===== Dataset records =====
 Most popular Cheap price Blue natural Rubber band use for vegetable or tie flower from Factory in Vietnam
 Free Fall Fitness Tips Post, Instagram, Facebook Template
=====
===== Dataset records =====
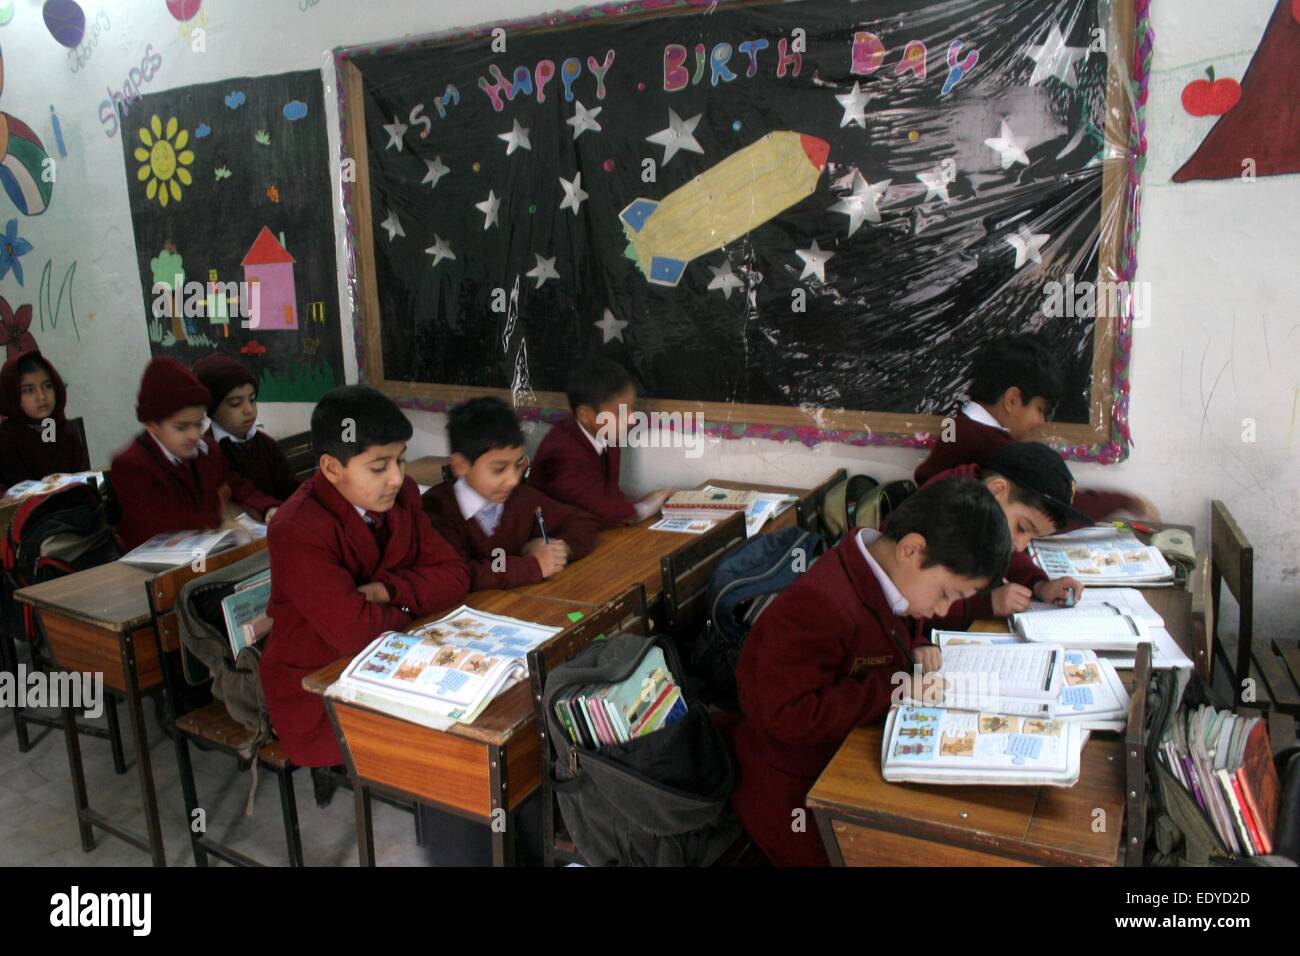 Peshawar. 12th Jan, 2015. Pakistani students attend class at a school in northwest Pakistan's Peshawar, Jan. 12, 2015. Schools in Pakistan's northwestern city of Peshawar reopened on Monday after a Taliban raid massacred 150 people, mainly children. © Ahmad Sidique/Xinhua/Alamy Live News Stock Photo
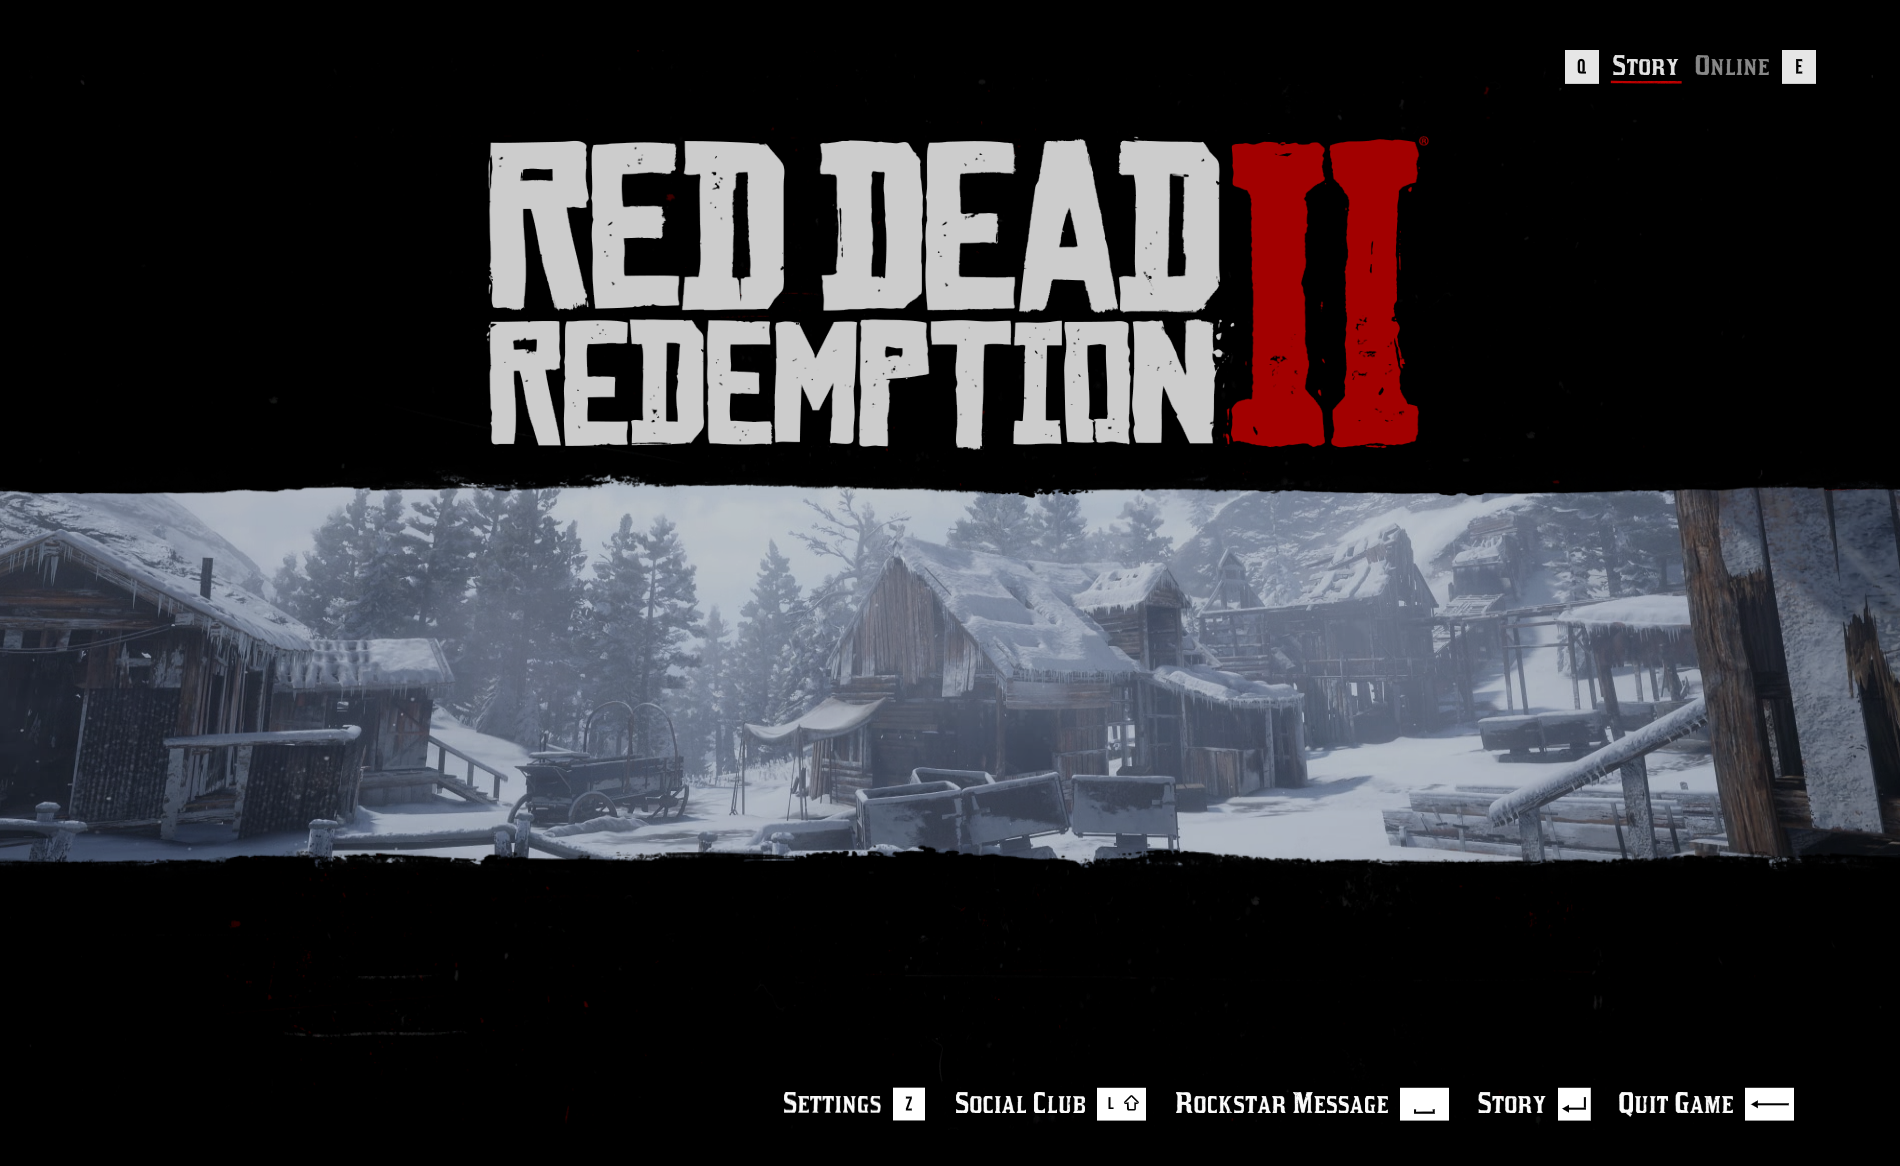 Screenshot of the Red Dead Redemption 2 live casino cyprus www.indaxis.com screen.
=====
===== Dataset records =====
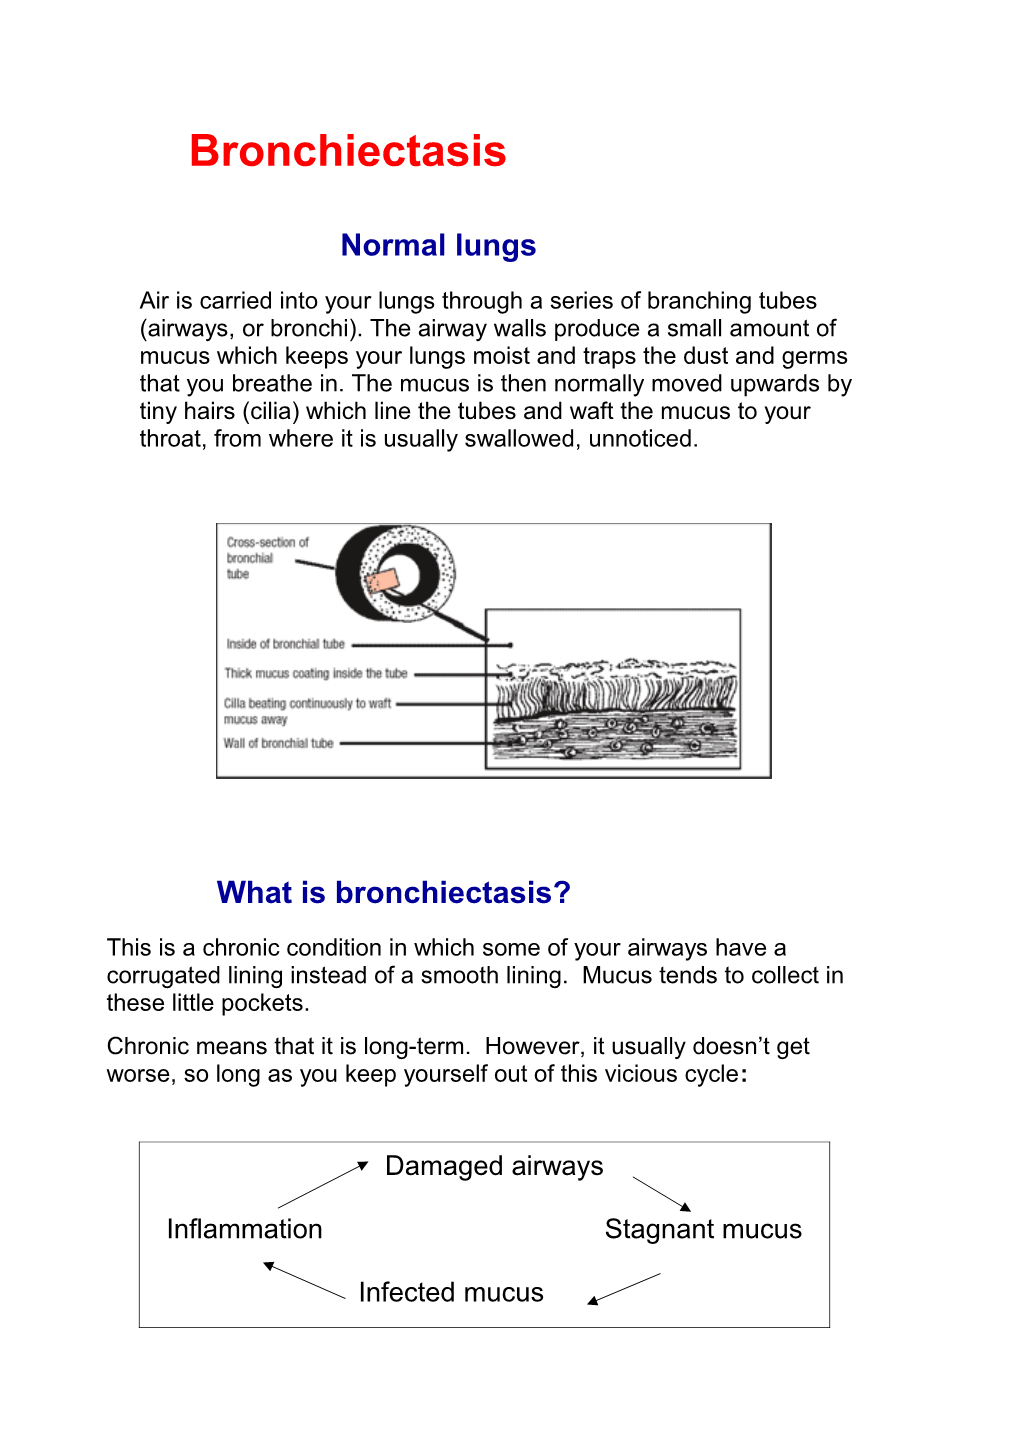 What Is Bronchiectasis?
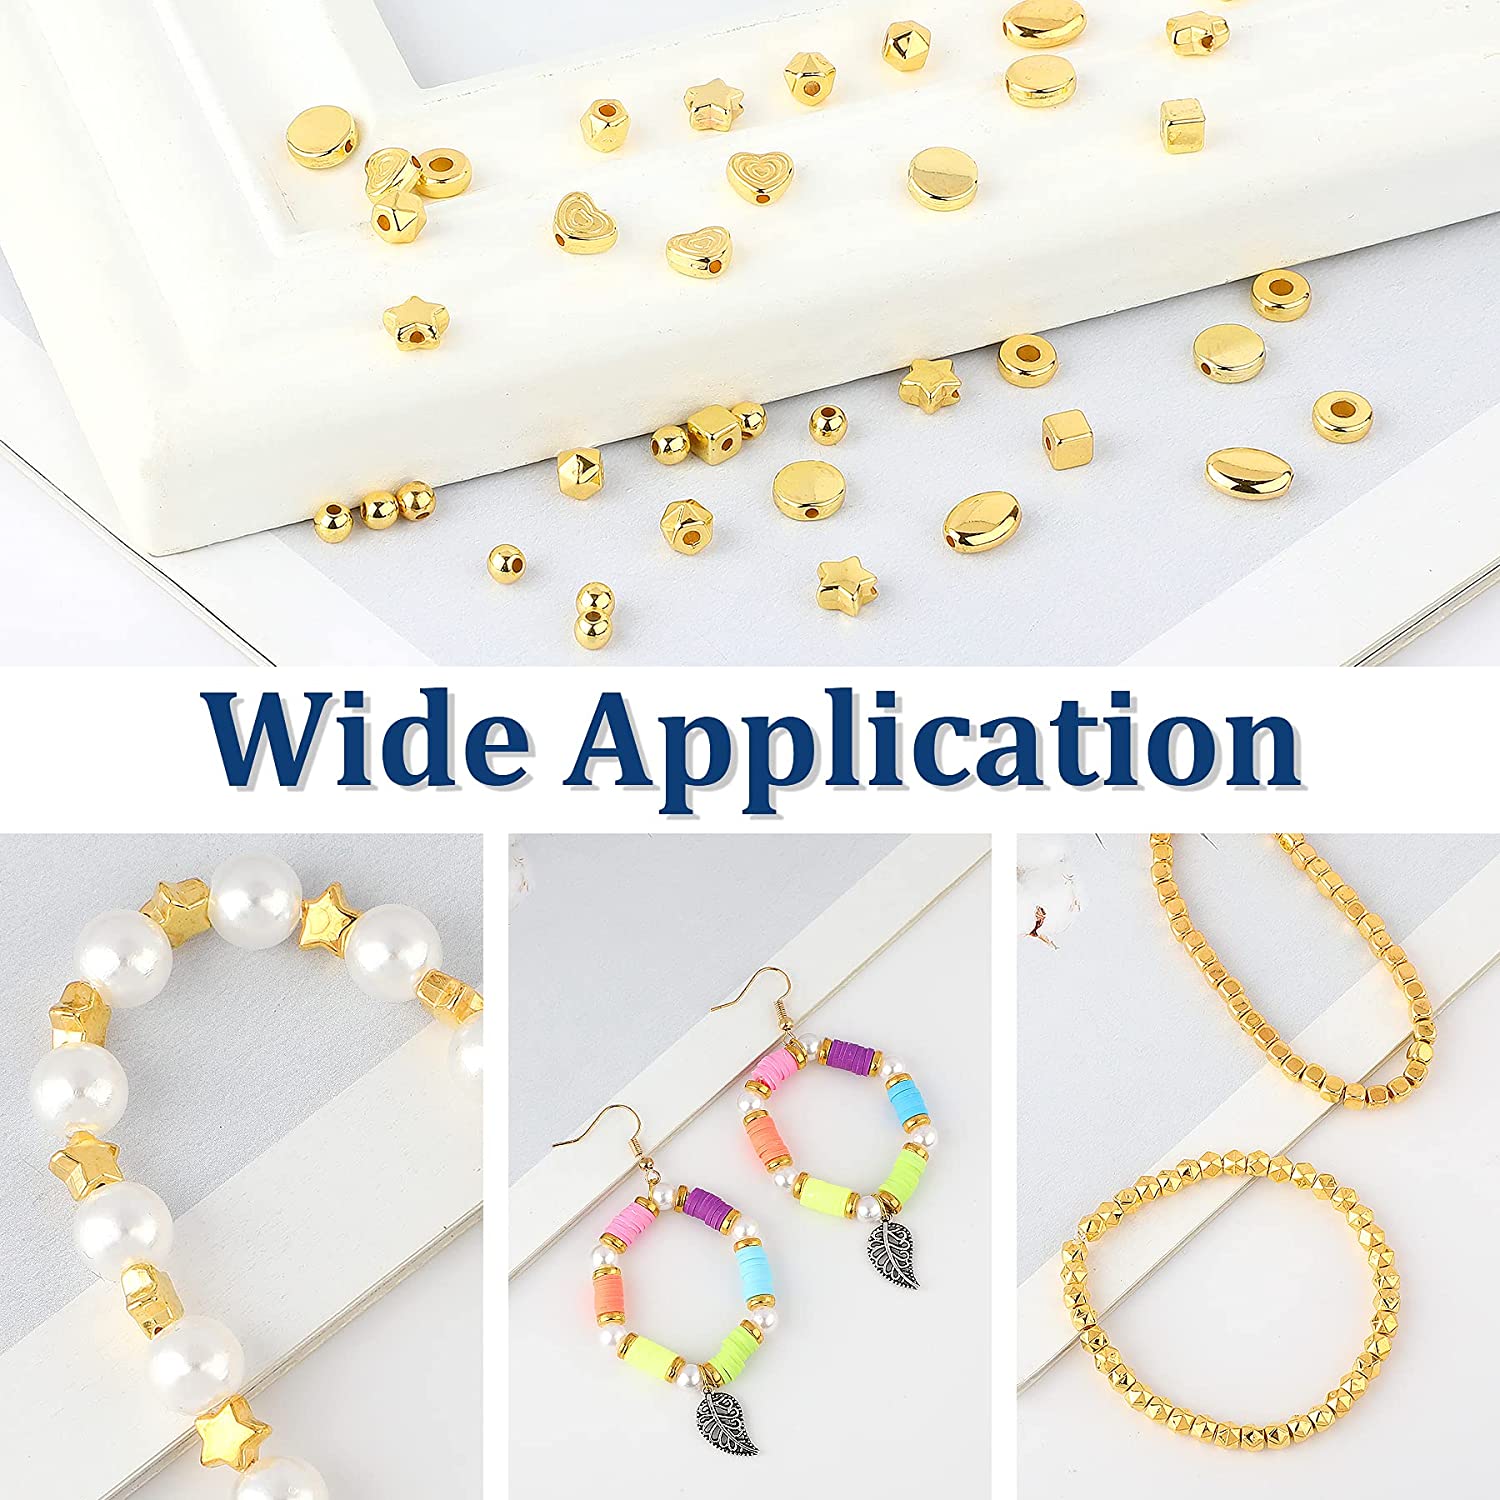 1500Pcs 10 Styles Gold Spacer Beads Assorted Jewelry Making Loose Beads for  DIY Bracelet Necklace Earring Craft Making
=====
● Problem: Retype the entries above exactly, but only from the line containing "Most popular Cheap" through the line containing "Free Fall Fitness", both included.

● Result:
 Most popular Cheap price Blue natural Rubber band use for vegetable or tie flower from Factory in Vietnam
 Free Fall Fitness Tips Post, Instagram, Facebook Template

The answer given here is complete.